▸ **PROMPT**
Below are some records. Quote exactly the lines from the one that contains "迪士尼花木兰简笔画 - 花木兰画画教程" through the last, both included, and leave out the pictures.

▸ **DATA FOR ANALYSIS**

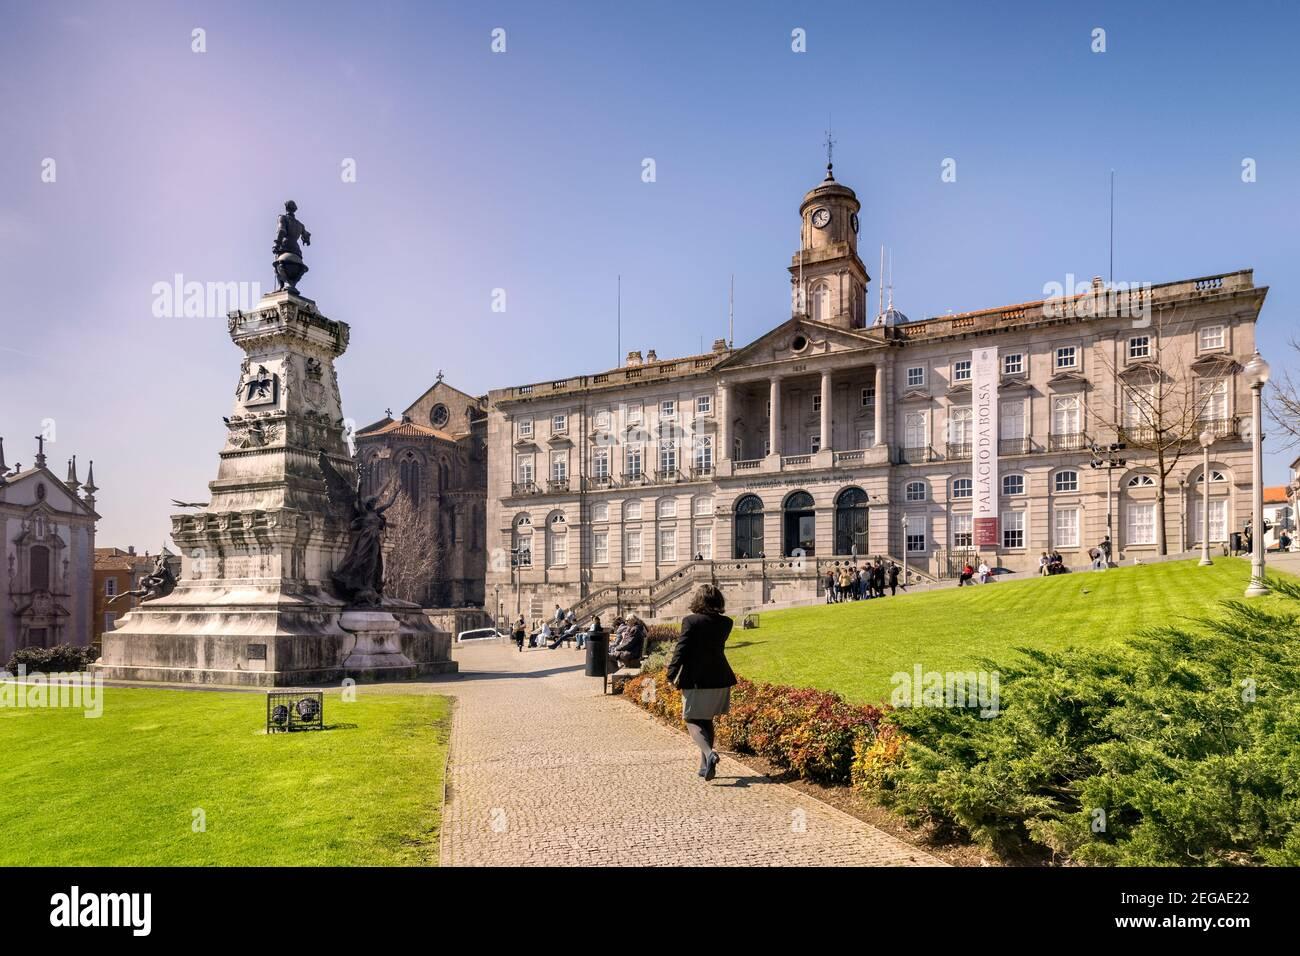 10 de marzo de 2020: Oporto, Portugal - Praca Infante Dom Henrique o el príncipe Enrique el lugar del navegador en Oporto, con el Palacio de la Bolsa, la antigua Bolsa de valores Foto de stock
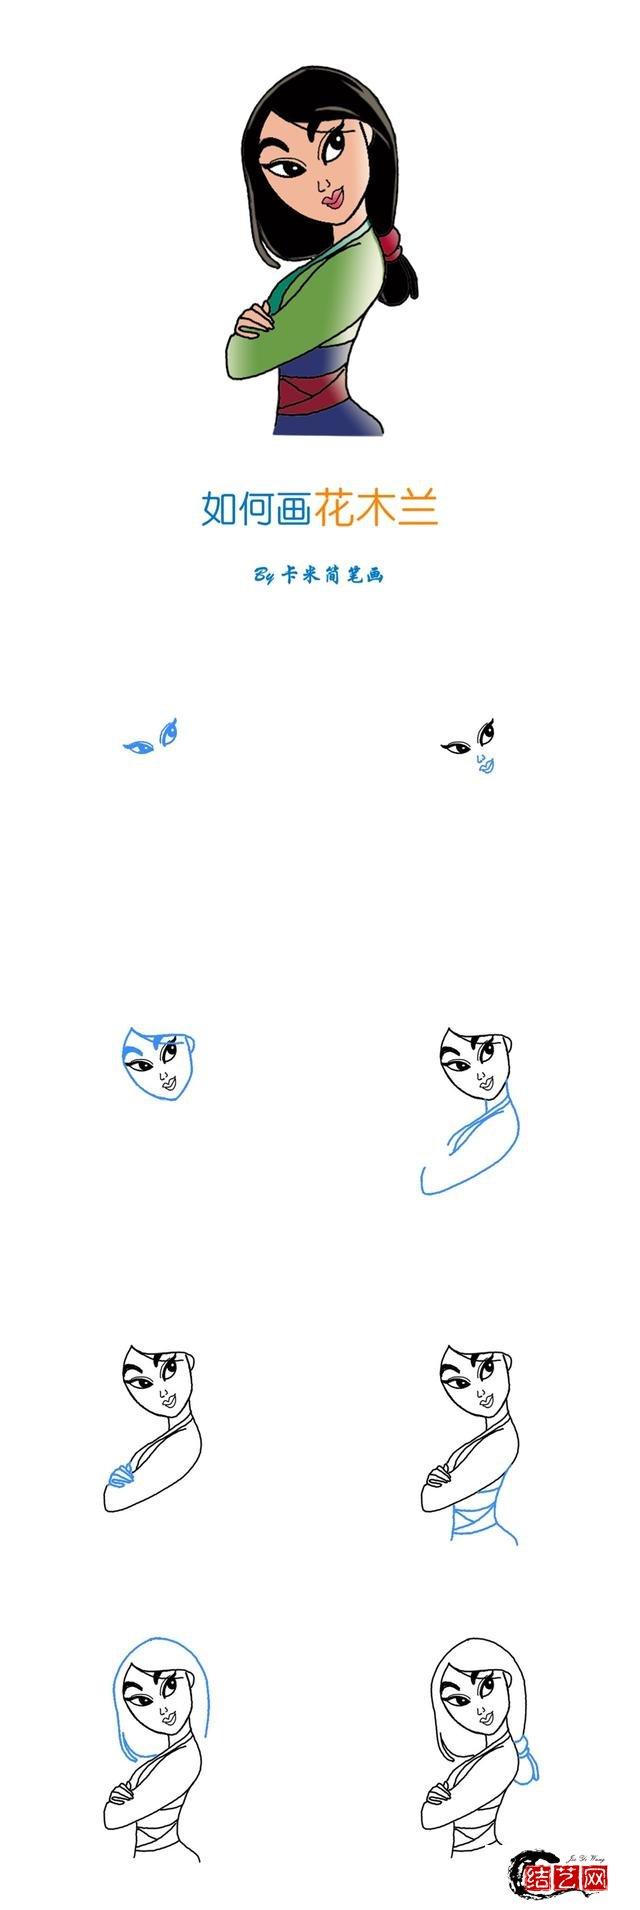 迪士尼花木兰简笔画 - 花木兰画画教程
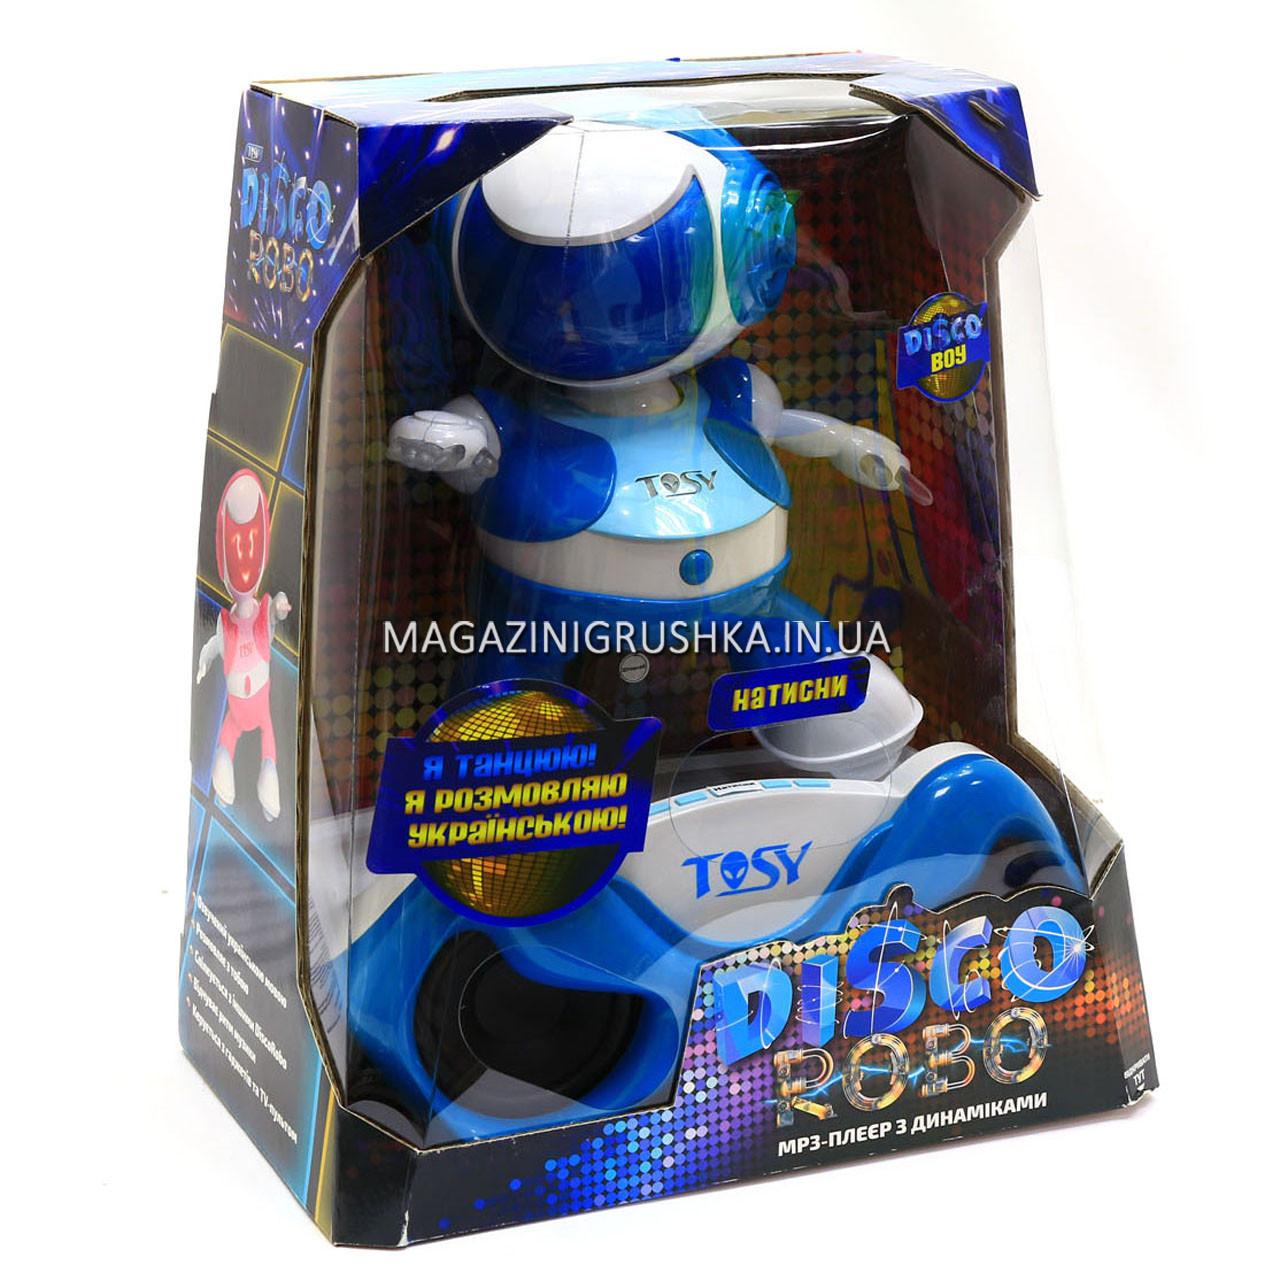 Набор с интерактивным роботом TOSY Robotics DiscoRobo Лукас Диджей TDV107-U
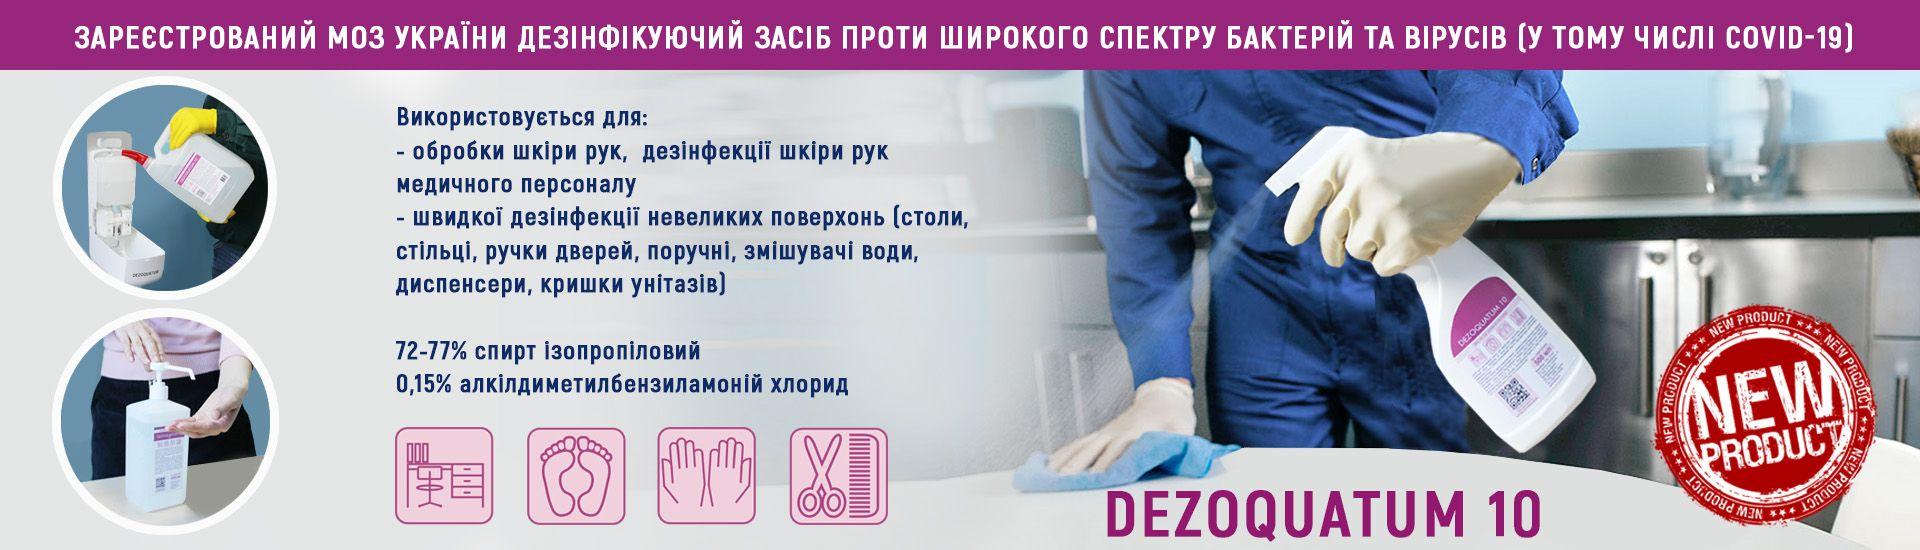 Dezoquatum10
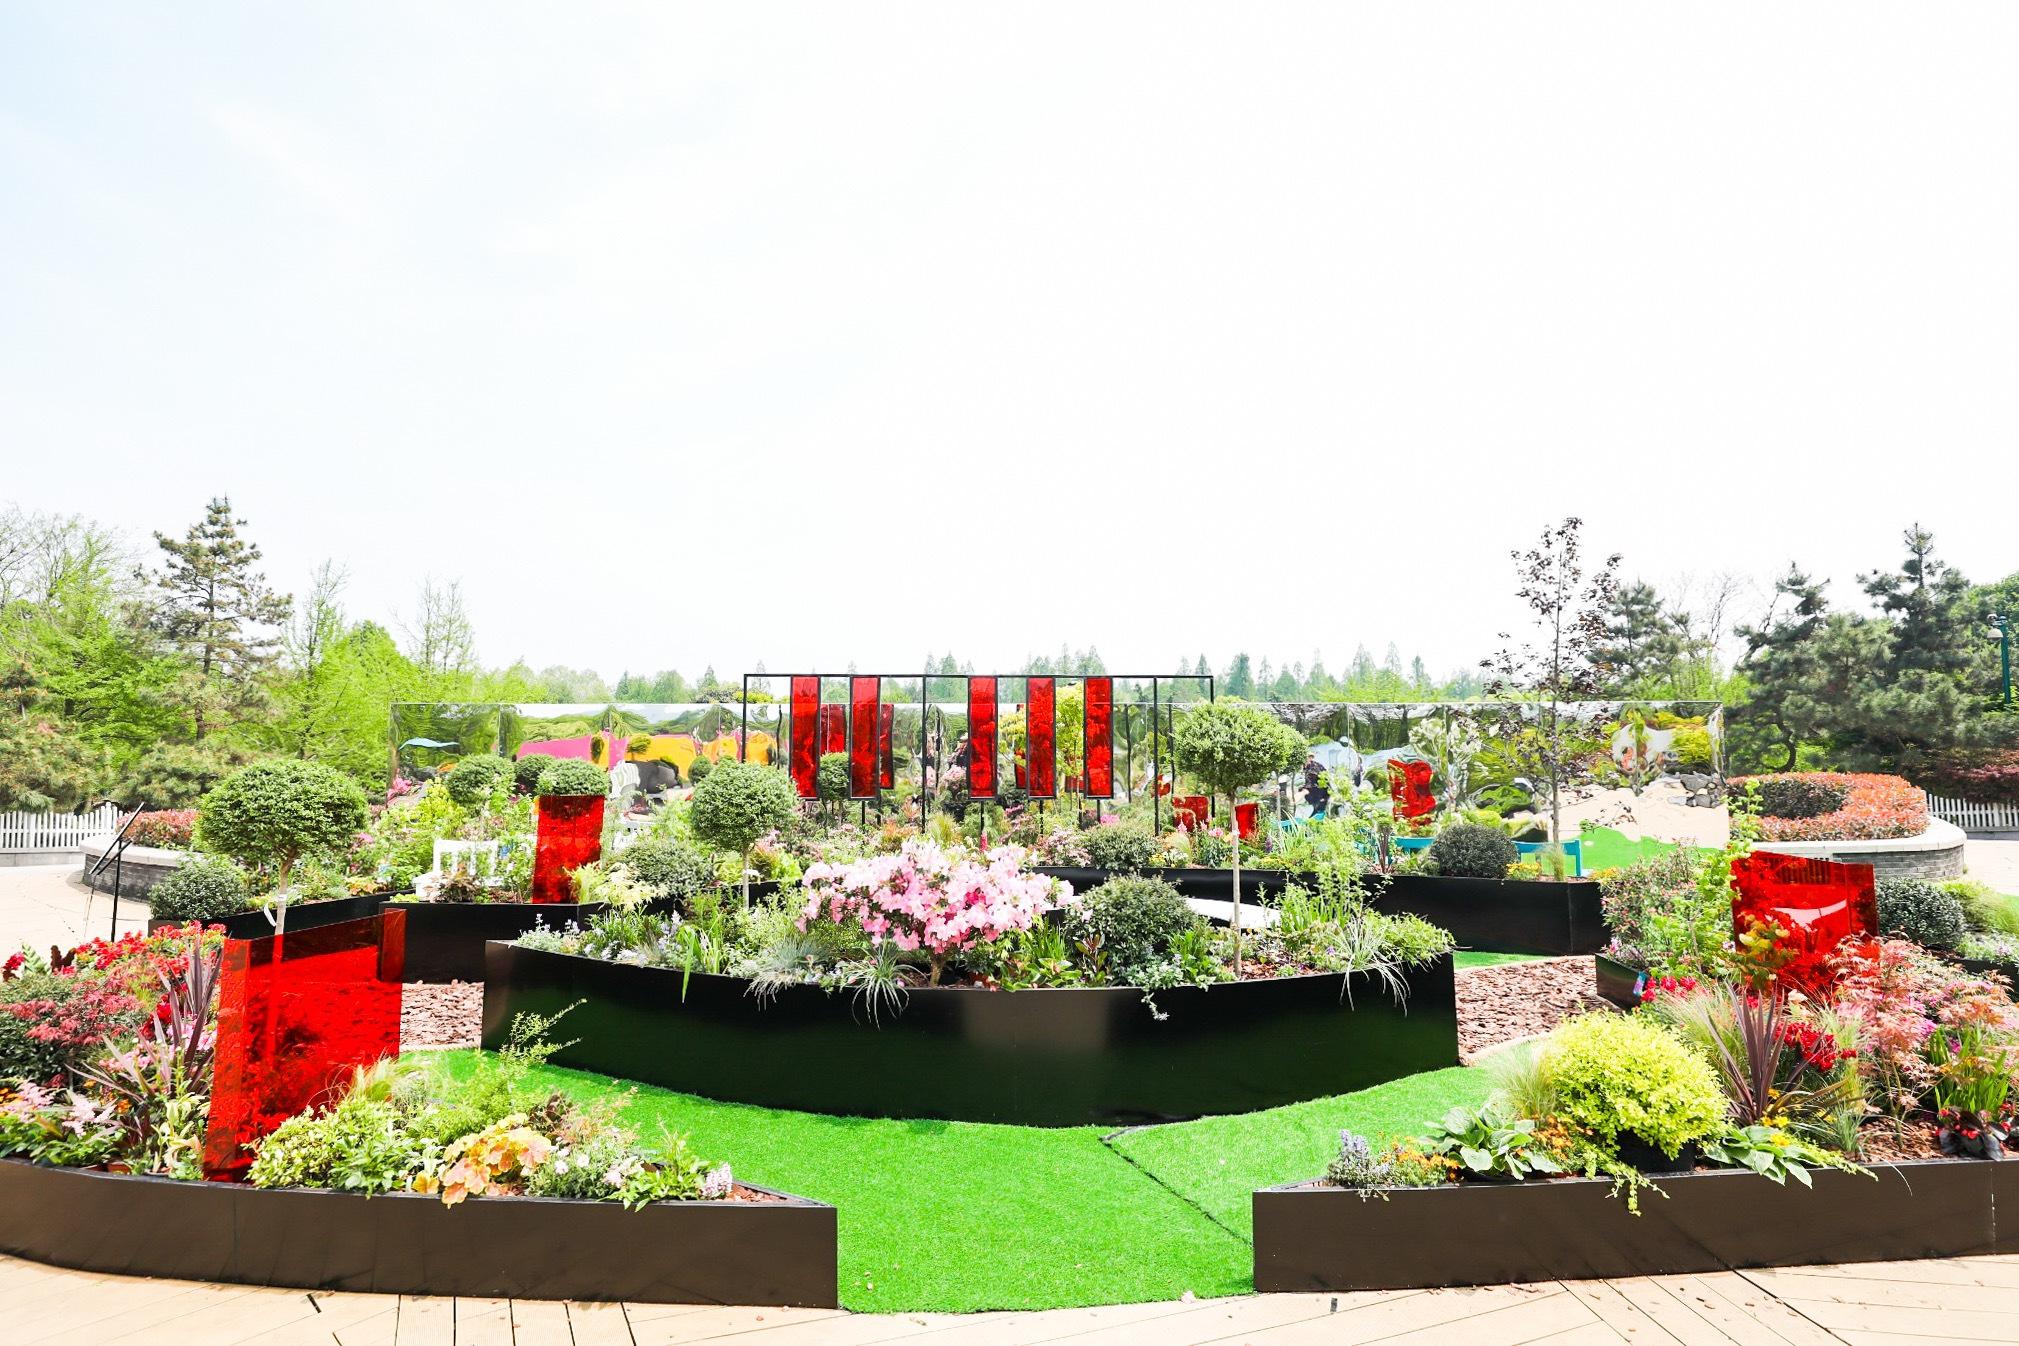 暖心,淘宝为自闭症患者和听障群体在西湖边建了两座爱心花园

▸ **RESULT OF THIS EXERCISE**
 迪士尼花木兰简笔画 - 花木兰画画教程
 Набор с интерактивным роботом TOSY Robotics DiscoRobo Лукас Диджей TDV107-U
 Dezoquatum10
 暖心,淘宝为自闭症患者和听障群体在西湖边建了两座爱心花园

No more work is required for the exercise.